# [Supplied material]
______

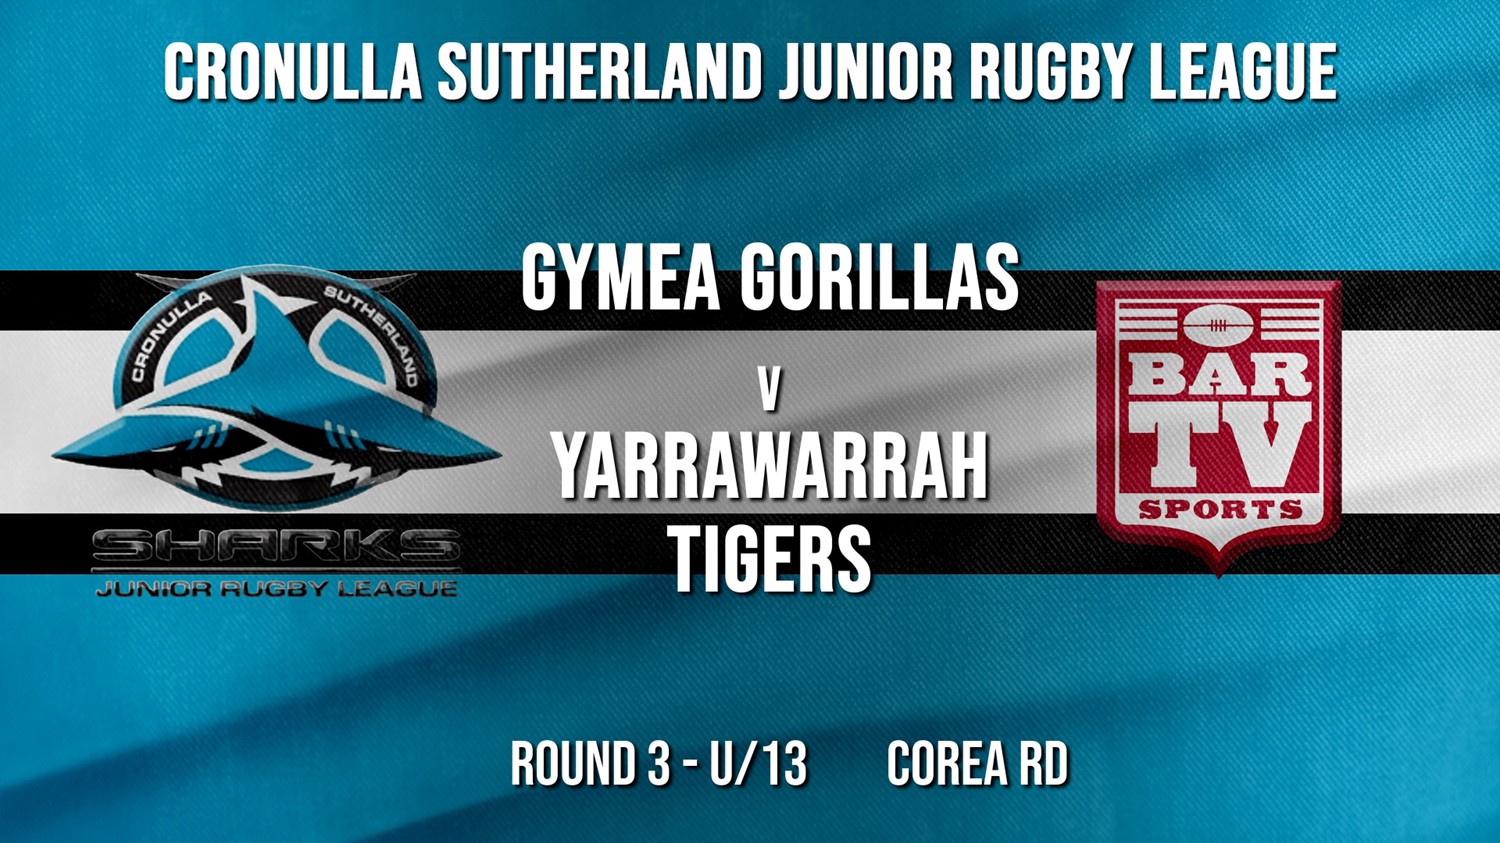 Cronulla JRL Round 3 - U/13 - Gymea Gorillas v Yarrawarrah Tigers Minigame Slate Image
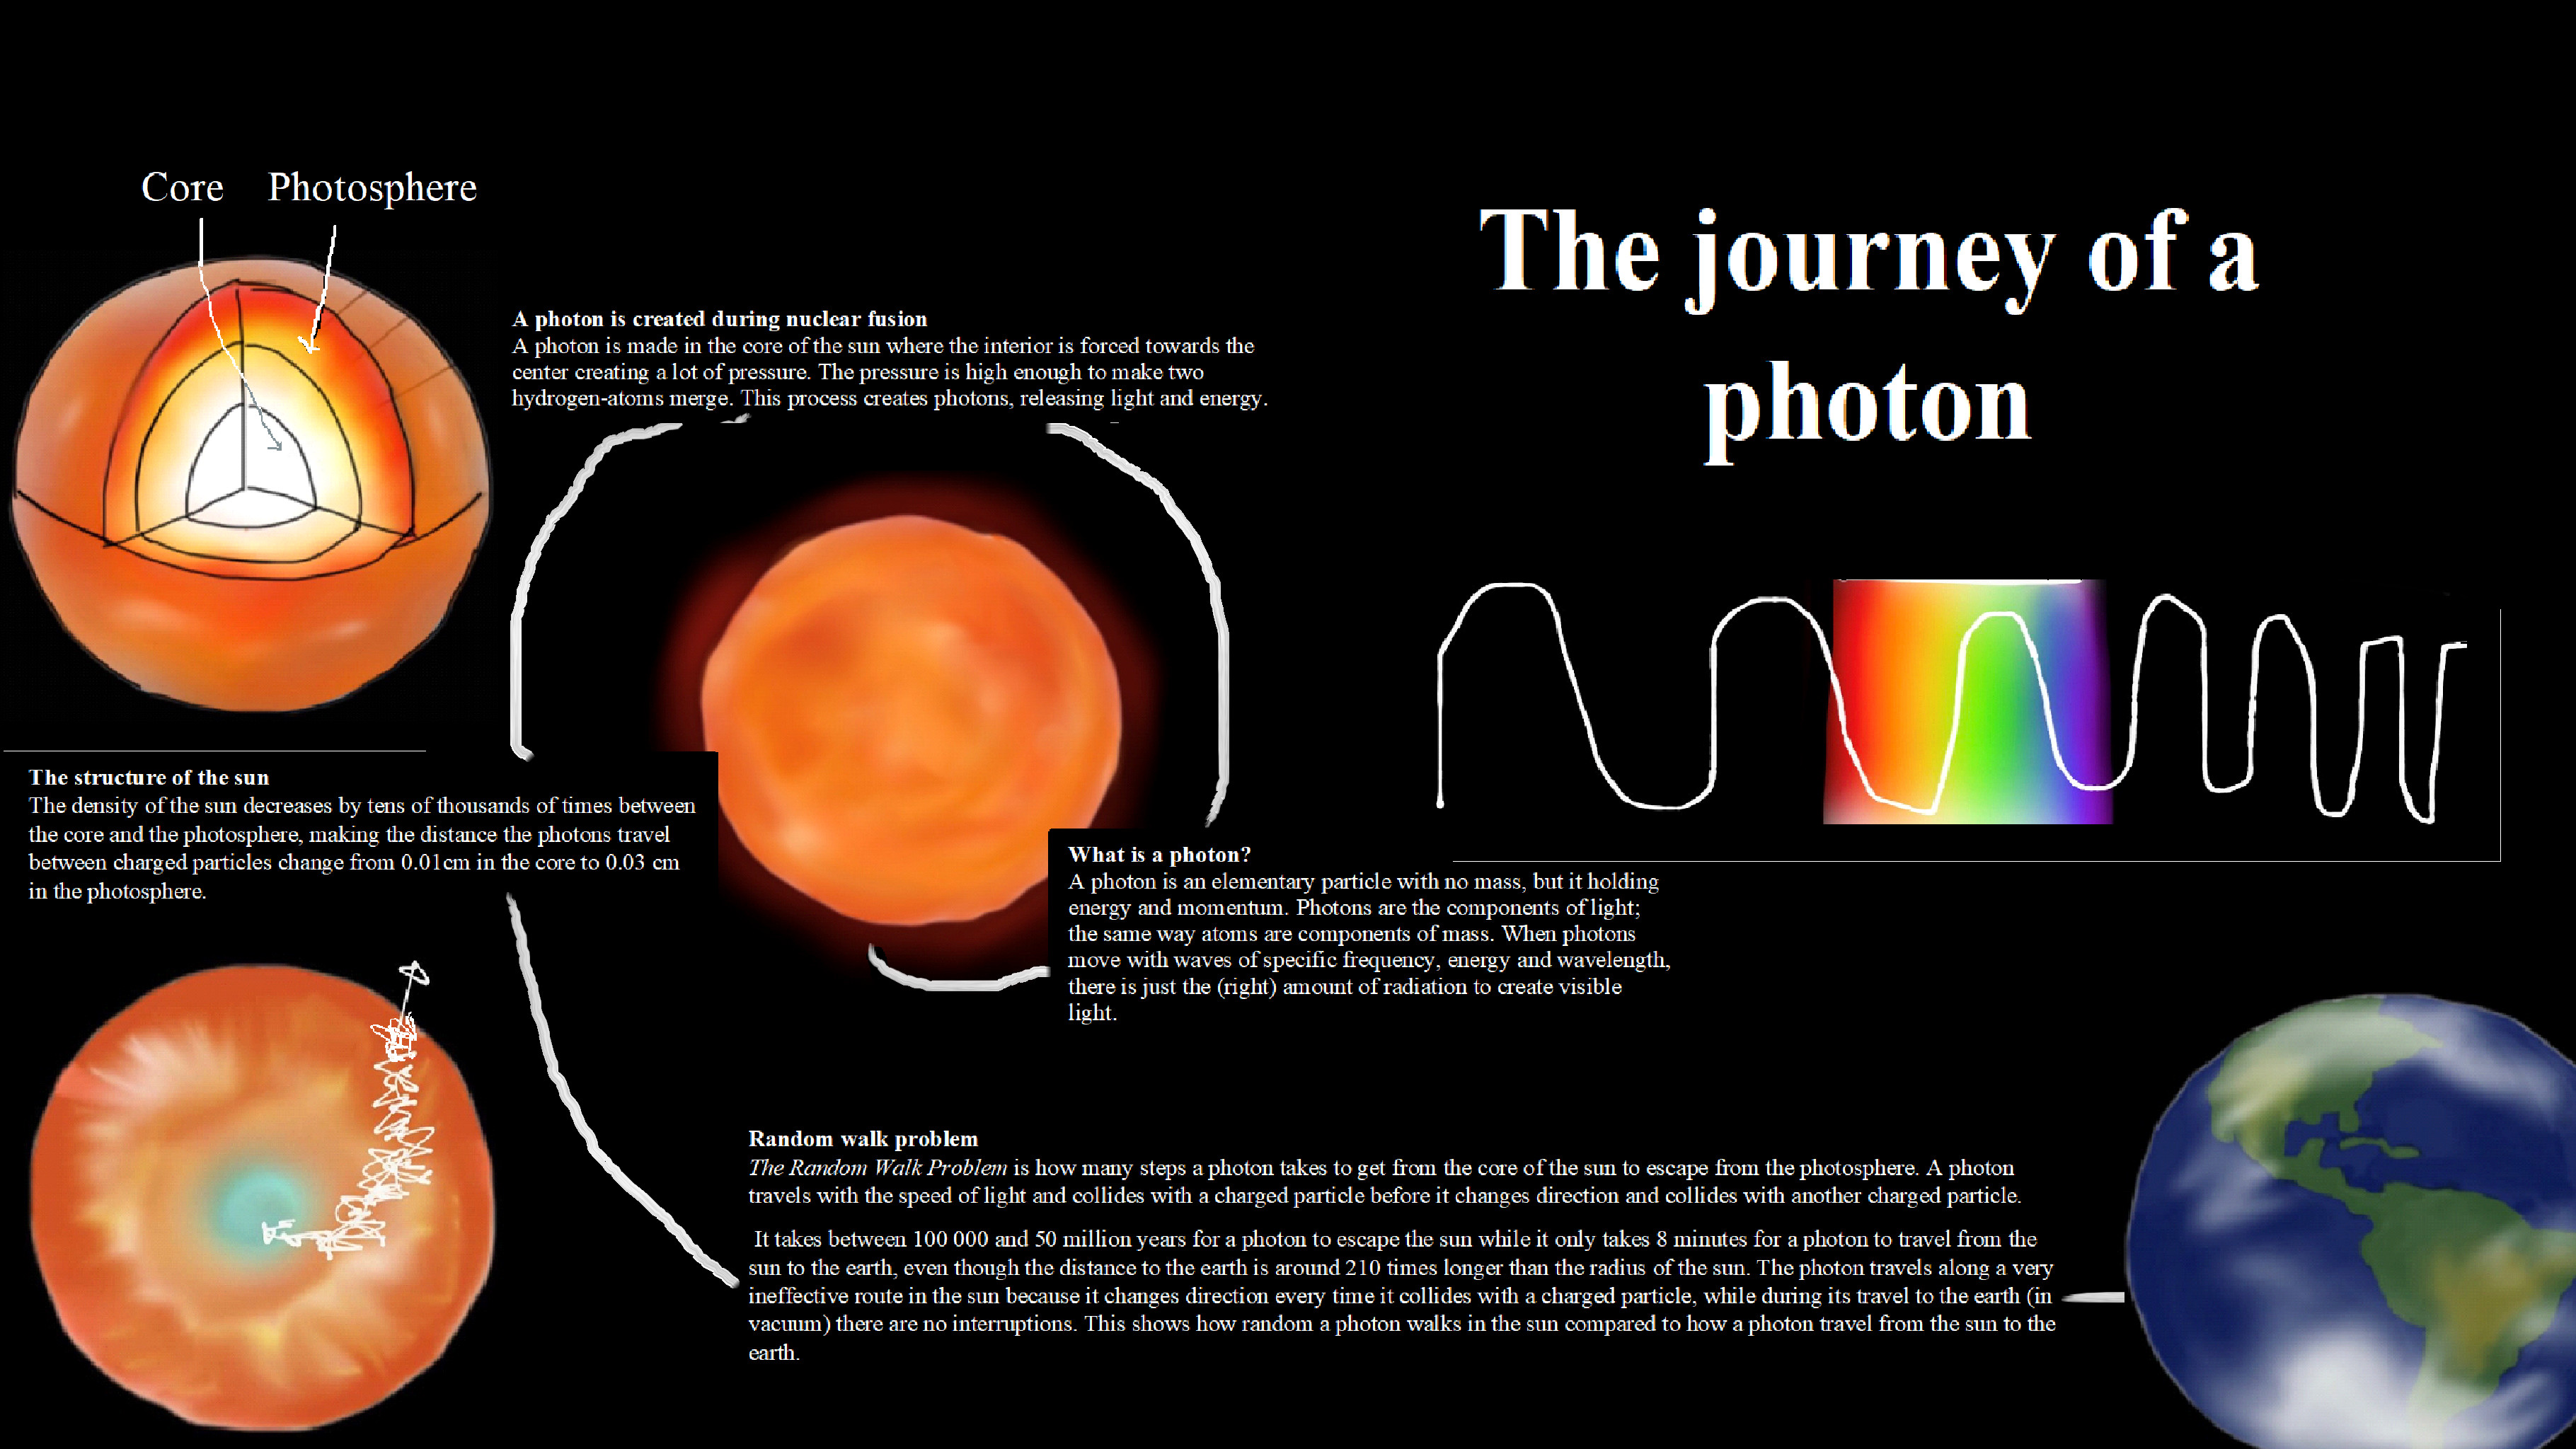 photon travel through space
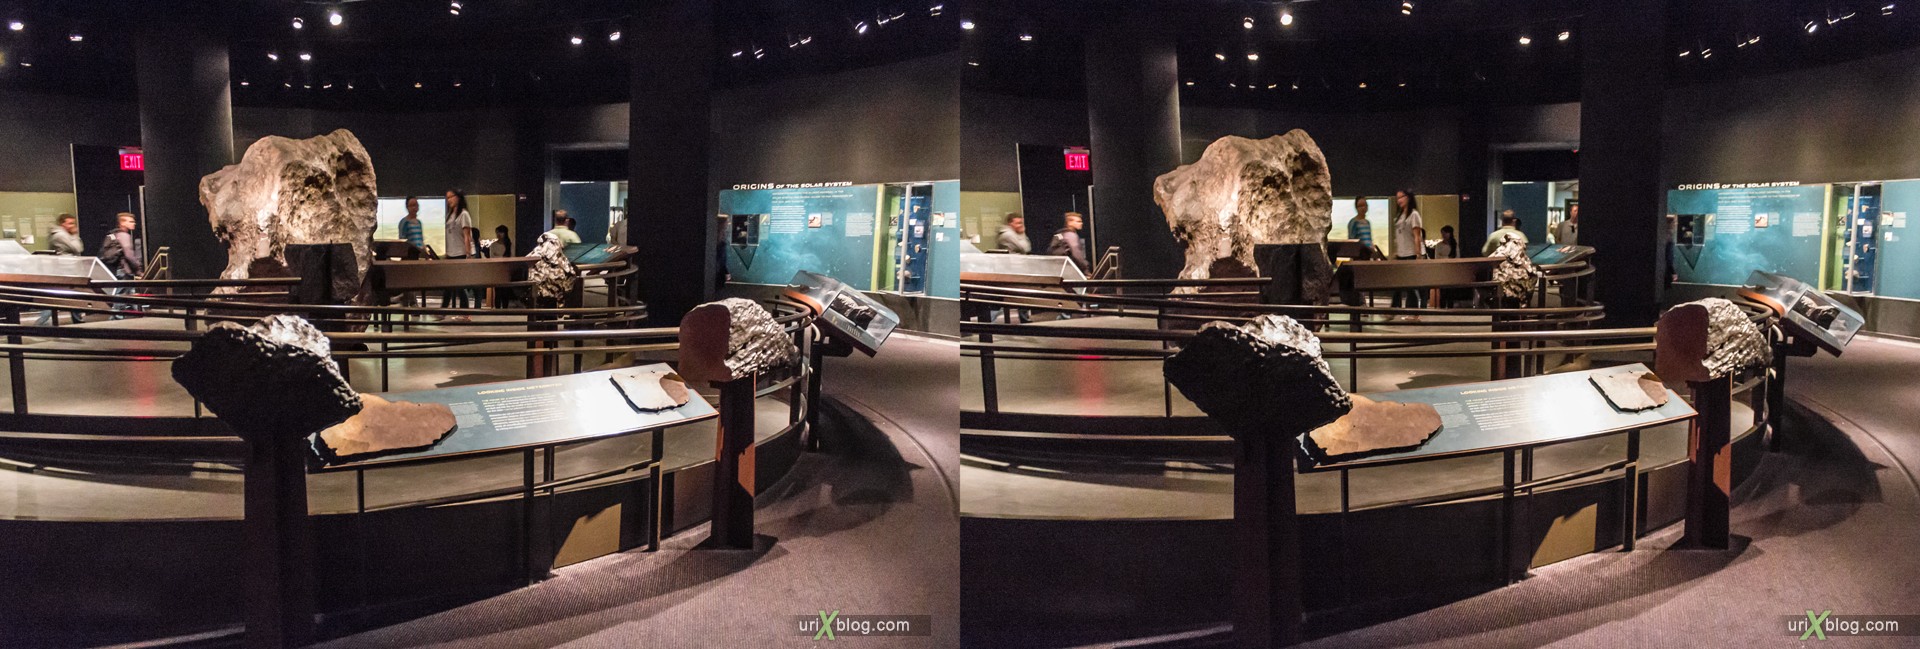 2013, American Museum of Natural History, NYC, New York City, USA, animal, dinosaur, skeleton, 3D, stereo pair, cross-eyed, crossview, cross view stereo pair, stereoscopic

______

# [Task directions]
Nothing but the lines from the one containing "photon travel through space" through the last line of the data should appear in the answer, copied exactly, with pictures excluded.

# [Result for this task]
 photon travel through space
 2013, American Museum of Natural History, NYC, New York City, USA, animal, dinosaur, skeleton, 3D, stereo pair, cross-eyed, crossview, cross view stereo pair, stereoscopic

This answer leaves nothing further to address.